Will post a post about my favorite ten poets later, or at least my ten favorite that day.
I got into vinyl into seeing something on the history channel. They found these vases that had grooves on the outside, which they tried to play with a needle and a speaker. They explained about how if we were to lose access to all technology, we’d still be able to play vinyl as long one had a needle and something to use as a speaker. It made me think, “I better get some vinyl to ensure I got some tunes for the apocalypse.”

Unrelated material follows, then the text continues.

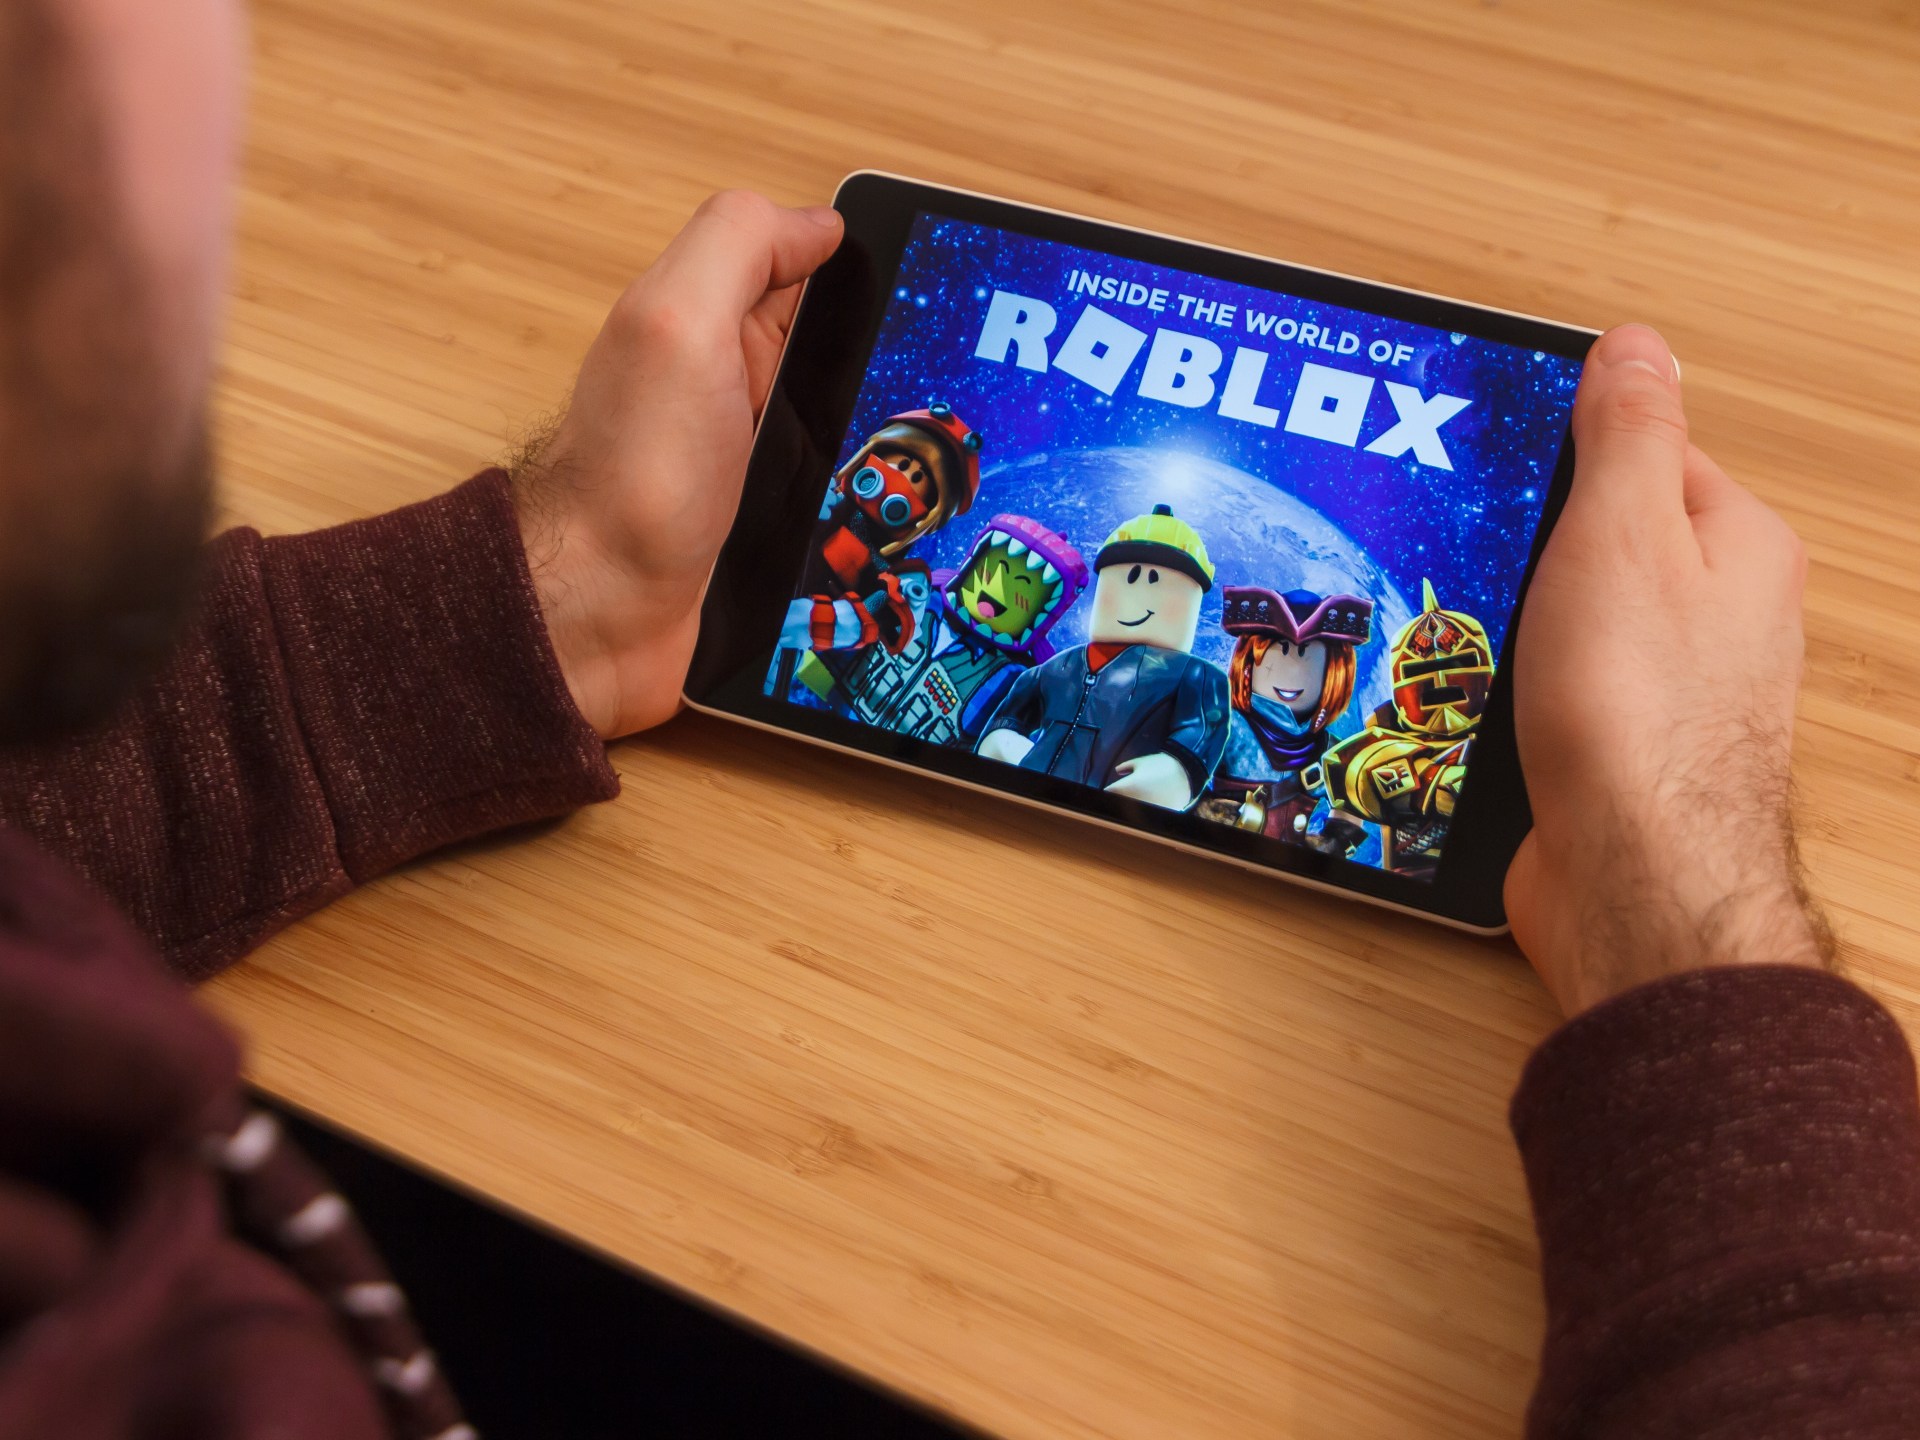 犯罪分子将“Roblox”游戏变成了袭击儿童的幌子技术

Nothing beats being able to process your own film and develop one’s own photos. I miss having access to a darkroom, but digital photography compensates for it, and requires much less space and no inhaling of chemicals.
sept. 22, 1998.
dream #7: surrounded.
there is a church that i think i've seen on past visits to mexico. it's so big that it blocks everything behind it like it's blocking off the rest of the world. it's one of those great huge stone churches that looks like a castle. very well decorated with flowers of all colors. the people must have had a festival a few days earlier. there are remnants of fireworks on the floor. my younger cousins are running around and laughing. these are cousins that i haven't seen for a long time, but i recognize them all. my surviving grandparents are sitting in front of me. we are sitting in the middle of this park where the church lies in front of me. we are sitting on the inside of two u-shaped benches. my dad is sitting next to me. my mom and sisters are sitting across from us, next to my grandparents. i'm happy. i haven't felt safe near a church for a while. these people dressed in black robes with black pointy hoods approach us. all the trees in the background disappear. the hooded people become the background. they tell us that we don't belong there. they could almost pass for monks or nuns because they're wearing big crosses around their necks. most of them are women. they begin to make racist remarks against us. they're telling us, but i think they're talking more to me, that we're stupid. i start to cry. there's nothing i can do, and i hate that. their big bodies tower over me. i'm so small compared to them. i start shaking. i'm not sure if it's out of anger or fear. i decide to confront them but my dad holds me back. everyone else is just sitting there. no one is reacting. i'm not sure why the rest of my family is just sitting there, emotionless. all this while i keep shaking and crying, clinching my fists.
sophomore year. creative writing class assignment.